Das Problem solltest Du auf Betriebssystem-Ebene lösen:

Mach eine Freigabe auf dem aberen Rechner und binde sie in das Dateisystem ein.

Wie das genau geht hängt von den Betribssystemen der beteiligten Rechner ab. Auf jeden Fall geht das auch mit Passwortschutz.

bye
TT


----------



## Linebeck (31. Jan 2013)

Ja das man da irgendwas machen kann dachte ich mir.
Aber wenn man im Windows-Explorer auf den anderen Pc zugreifen will, kann man einfach das Passwort eingeben. Deswegen dachte ich, es könnte irgendwie auch so gehen.


----------



## tröööt (31. Jan 2013)

also am einfachsten wäre es wirklich wenn du mit nem sog. "Netzlaufwerk" arbeitest ... dann kümmert sich windows um die sache mit dem passwort und du kannst ganz normal wie auf einen lokalen datenträger drauf zu greifen ...

alternativ kannst du natürlich das SMB-protokoll versuchen nachzubauen ... glaube nicht das es da was fertiges für java gibt ...


----------



## Timothy Truckle (31. Jan 2013)

tröööt hat gesagt.:


> also am einfachsten wäre es wirklich wenn du mit nem sog. "Netzlaufwerk" arbeitest ... dann kümmert sich windows um die sache mit dem passwort und du kannst ganz normal wie auf einen lokalen datenträger drauf zu greifen ...


Wenn beide Rechner am selben Domänencontroller hängen funktioniert das auch mit UNC-Namen.
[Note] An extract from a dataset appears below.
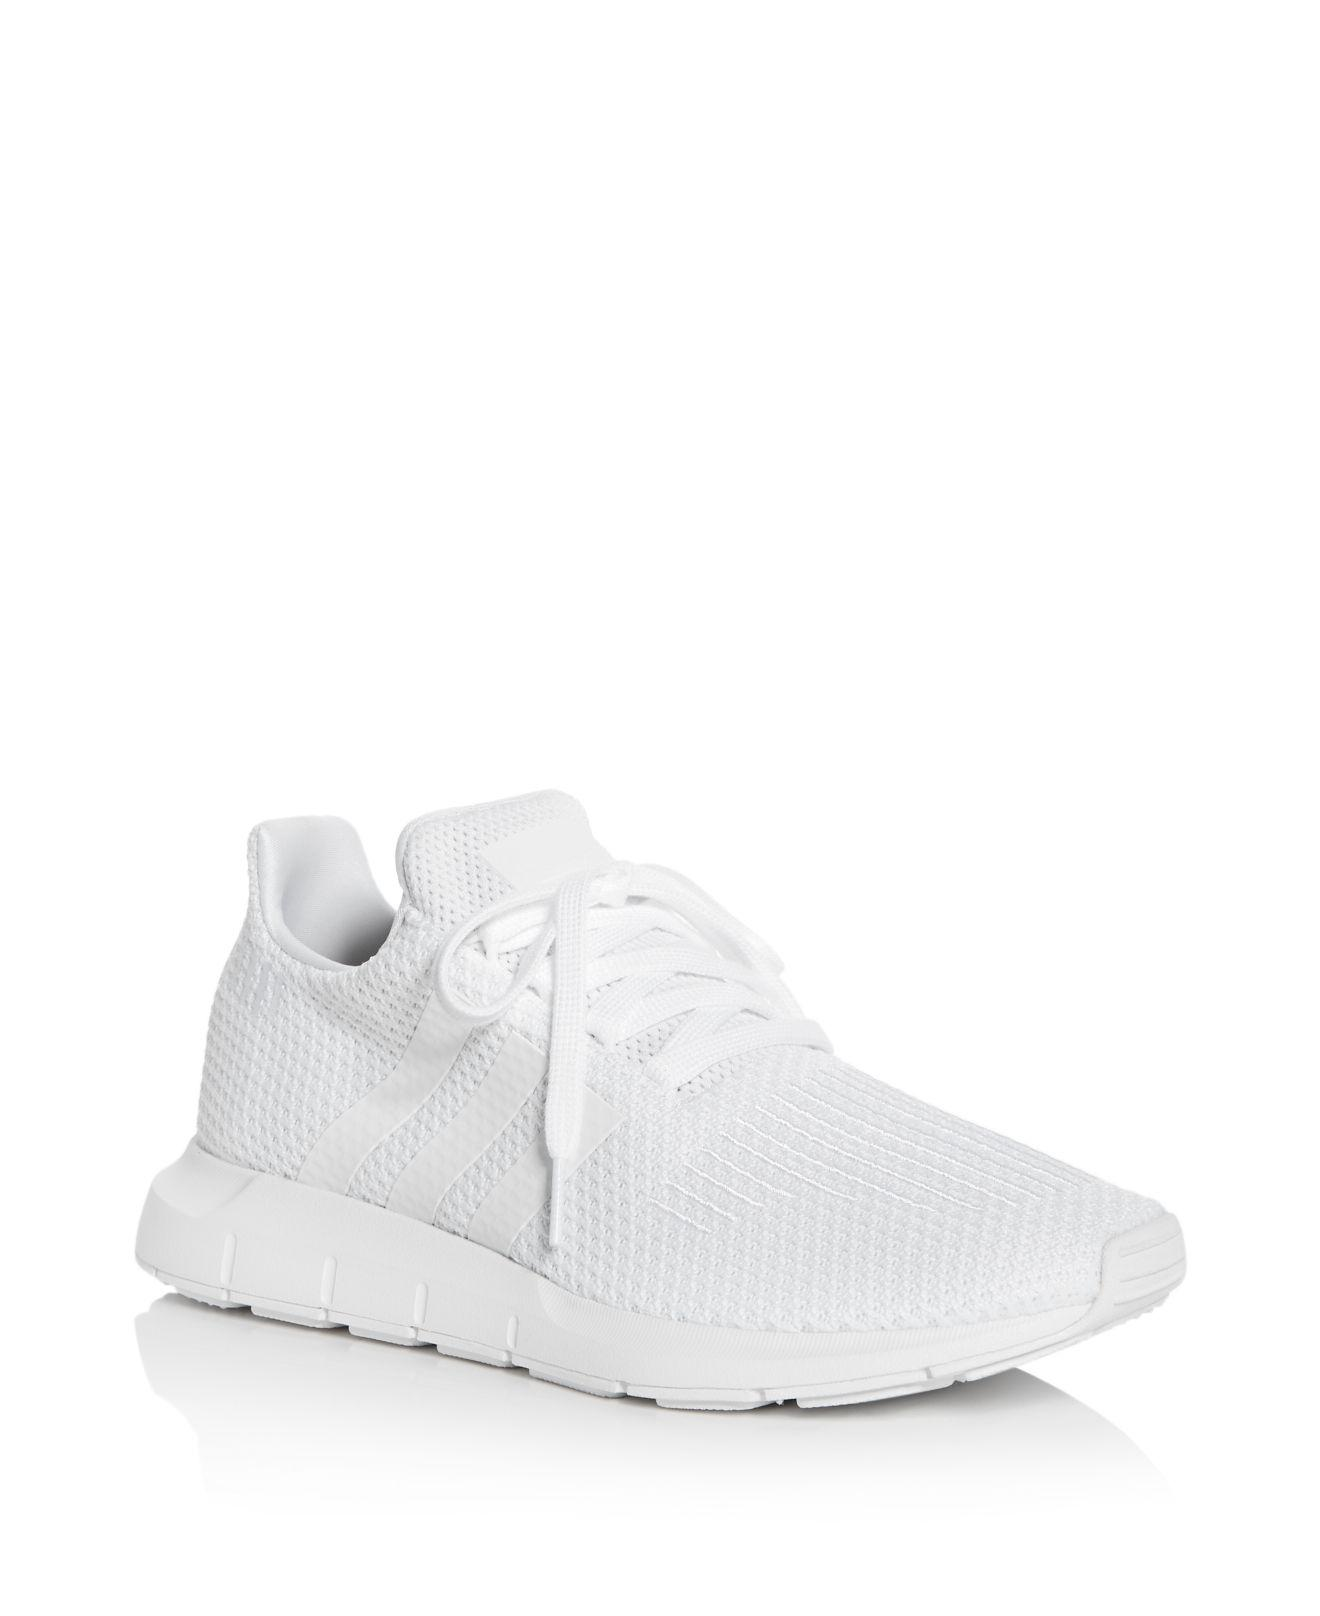 Adidas Donne A Swift Run Allacciarsi Le Scarpe Da Ginnastica In Bianco Lyst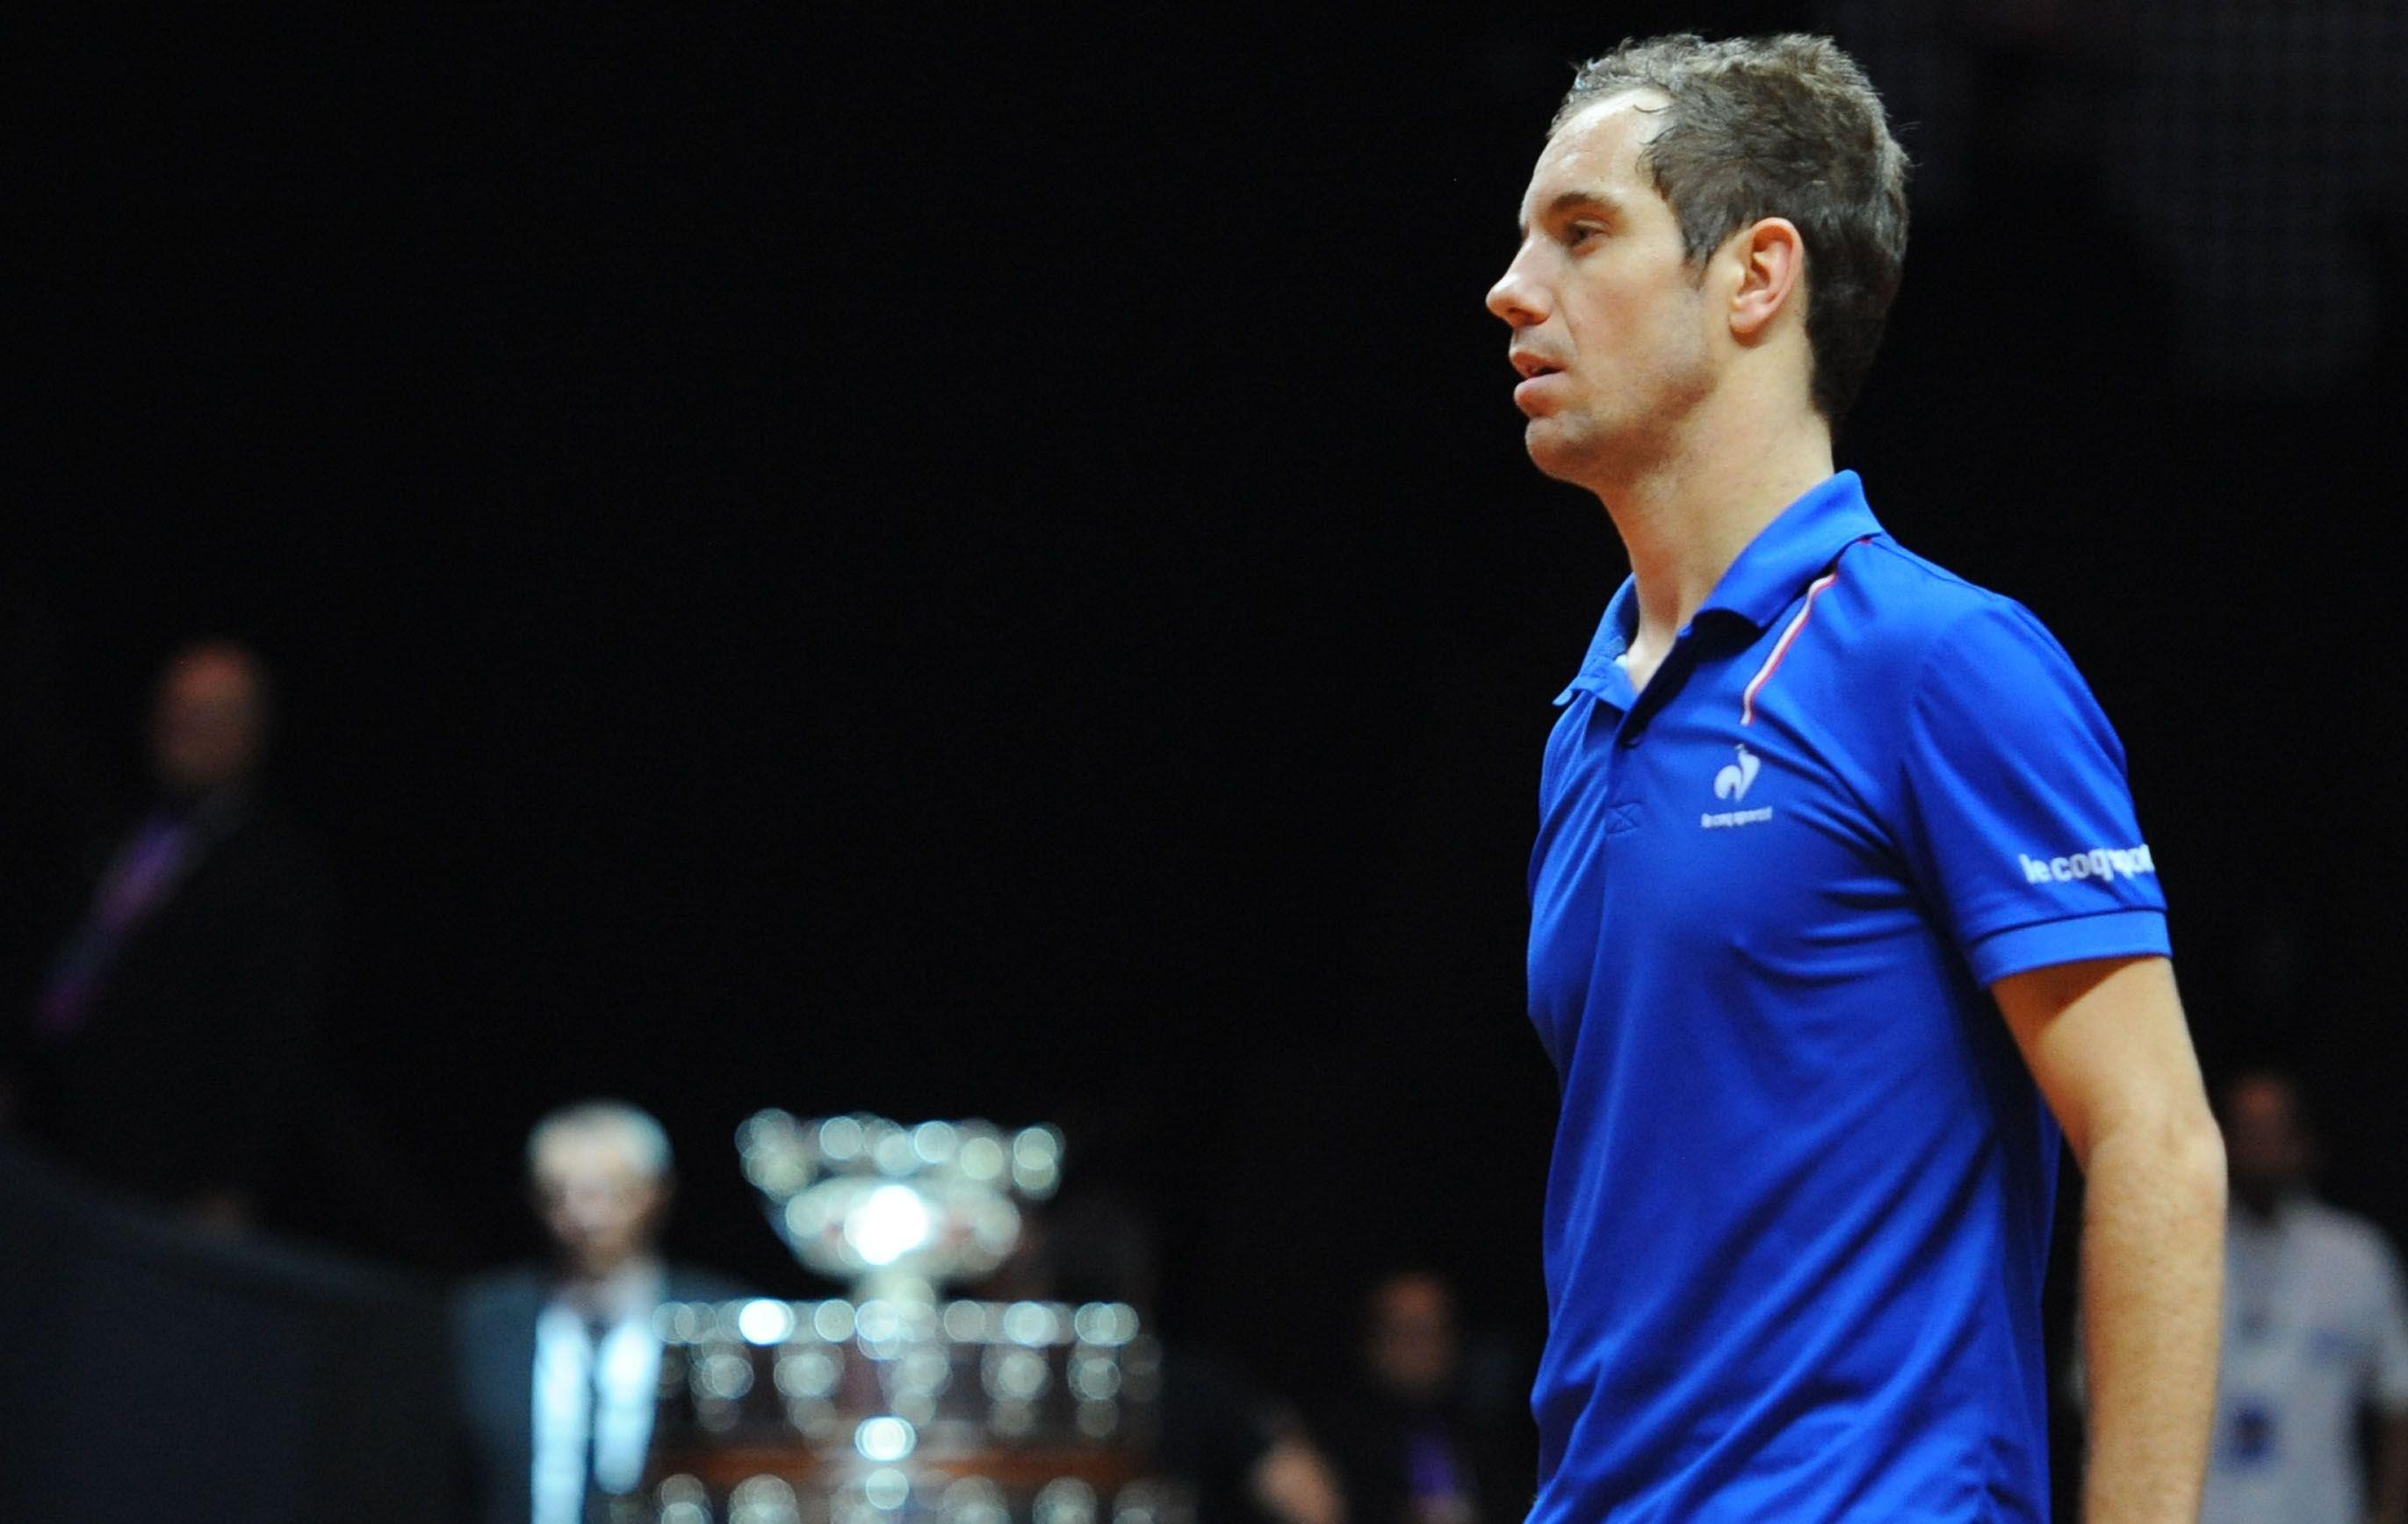 Coupe Davis - Gasquet remplace Tsonga pour affronter Federer

Das dürfte in der Privatinstallaton aber nicht so sein...

bye
TT


----------



## tröööt (31. Jan 2013)

ach doch ... mit jedem halbwegs vernünftigen router funktioniert UNC auch teilwesie mit DNS ... also das der DNS des routers die anfrage nicht wie gewohnt weiter leitet sondern die rechner subnet-intern auflöst ...
außerdem kümmert sich windows da ja teilweise selbst drum ...

und ob man via UNC dann nicht doch wieder zugriffs-probleme bekommt müsste man erstmal austesten ... da ist ein net-drive deutlich einfacher ... weil wenn einmal eingeklinkt läufts ... gleich wer oder was mit welchen rechte drauf zugreift ...


----------